UC Irvine

Regeneration of the injured adult central nervous system is limited. The phosphatase and tensin homolog on chromosome ten (PTEN) gene has been shown to enable axonal regeneration in optic nerve crush and spinal cord injury models following neonatal conditional genetic deletion of PTEN (Park et al., 2008; Liu et al., 2010). As a follow-up to these experiments, I assessed the long-term histological and behavioral consequences of neonatal PTEN deletion (Gutilla et al., 2016). In this study, I observed massive cell body enlargement of the neurons that give rise to the major descending voluntary motor tract in the spinal cord (called cortical motoneurons, or CMNs).

This discovery led us to hypothesize that deletion of PTEN during adulthood would also result in neuronal growth. Using two-photon microscopy and electron microscopy I found that adult PTEN deletion in neurons results in significant cell body and axonal growth, and that these enlarged neurons continue to express markers of growth-promoting pathways throughout life.

To gain a better understanding of the morphological consequences of PTEN deletion in adult neurons, I imaged thick sections (200µm) containing fluorescently labeled PTEN deleted and control neurons in 3D using a modified CLARITY protocol and two-photon microscopy (Chung and Deisseroth, 2013). 3D images were then used to generate 2D projections that were processed using Sholl analysis, or concentric circle analysis (Sholl, 1953). We found that at both 6 and 12 months post-PTEN deletion, pyramidal neurons have a significantly higher density of dendrites, and that this increase is significant at the largest number of radii away from the soma at 12 months after deletion. The progressive changes in dendritic morphology were also seen in the number of basal dendrites projecting off of the soma number, maximal dendritic projections, and nodes, with the highest values for all three measurements seen at 12 months, not 6 months, post-deletion. What’s more, the radius of maximal intersection for pyramidal neurons is normally between 60-80 µm away from the soma. Only at 12 months post-deletion did pyramidal neurons exhibit a shift in the radius of maximal intersection, indicating that as PTEN deletion-induced changes in morphology progress over time, neurons becomes increasingly abnormal compared to controls.

To assess the effect of adult PTEN deletion on neuronal function and behavior, I performed behavioral assessments of forelimb motor function at 2 month intervals following induction of adult PTEN deletion. Using the rotarod task to measure baseline coordination and motor learning, and the cylinder task to identify asymmetry in spontaneous forelimb exploration, I found significant improvement in baseline coordination and motor learning beginning at 8 months after PTEN deletion, and spared symmetry of forelimb exploration at all assessed time points. Pulling our structural and functional data together, the timing of functional improvement onset correlates with the progressive development of increased dendritic density, implicating a role for PTEN deletion-induced dendritic changes in mediating the functional gains.

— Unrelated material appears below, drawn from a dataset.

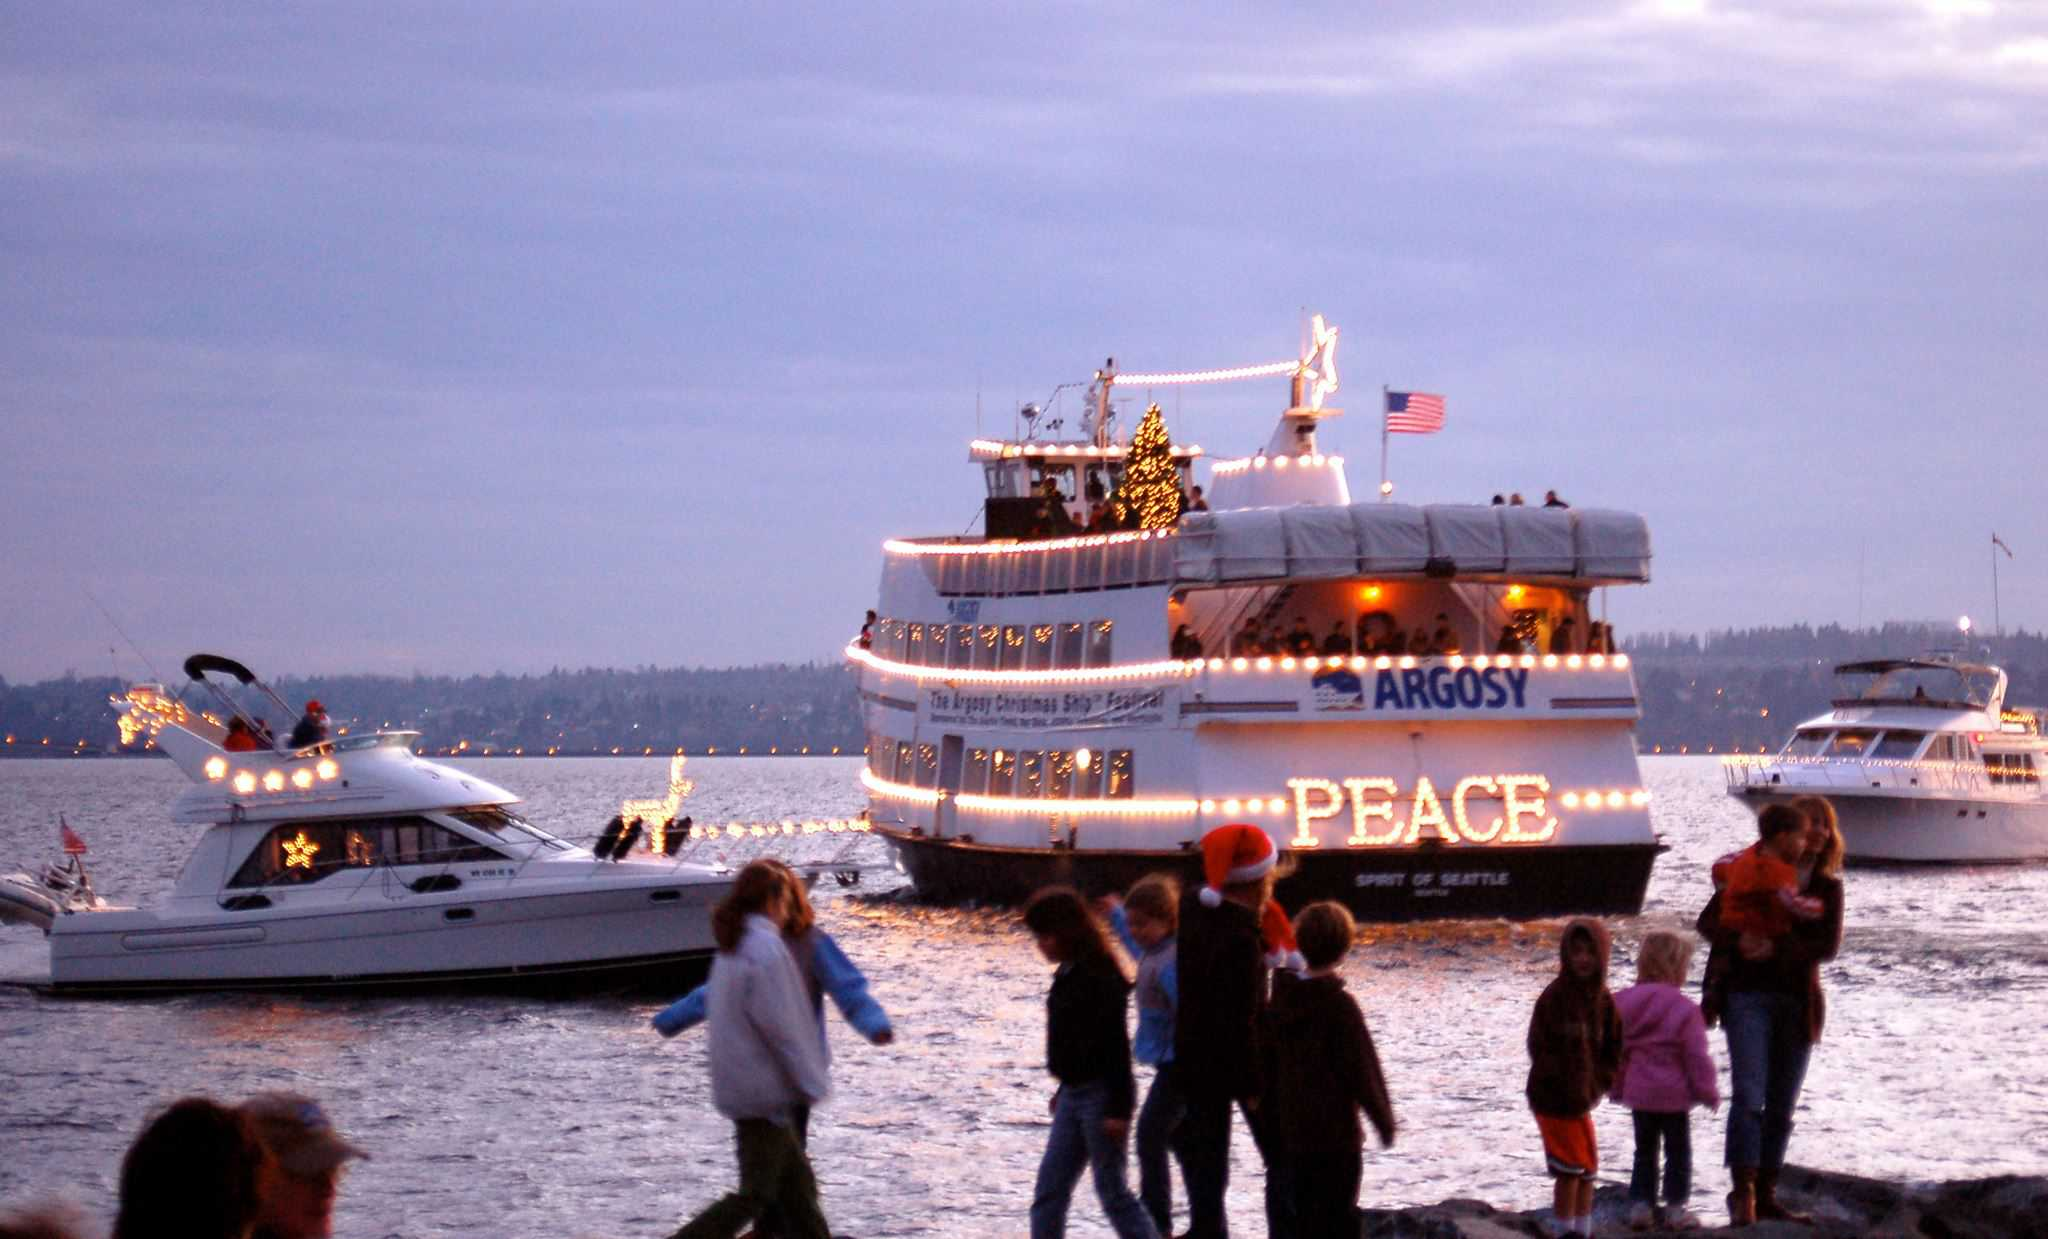 Argosy Cruises Christmas Ship

The regenerative effect of PTEN deletion is largely due to increased activity of the mammalian target of rapamycin (mTOR) pathway, and a commonly used biomarker for mTOR is phosphorylated ribosomal S6 (pS6, (Sawyers, 2008). Using a high frequency stimulation paradigm, I found that stimulation of the motor cortex results in marked induction of pS6 and therefore mTOR activation. It remains to be determined whether pathways other than mTOR contribute to stimulation-induced S6 phosphorylation, or if high frequency stimulation of the motor cortex could be used to promote regeneration after spinal cord injury. Altogether, the findings reported here highlight the ability for PTEN deletion to induce a robust, life-long mTOR-mediated growth program even in adult neurons, and that PTEN loss in the adult motor cortex results in functional improvements.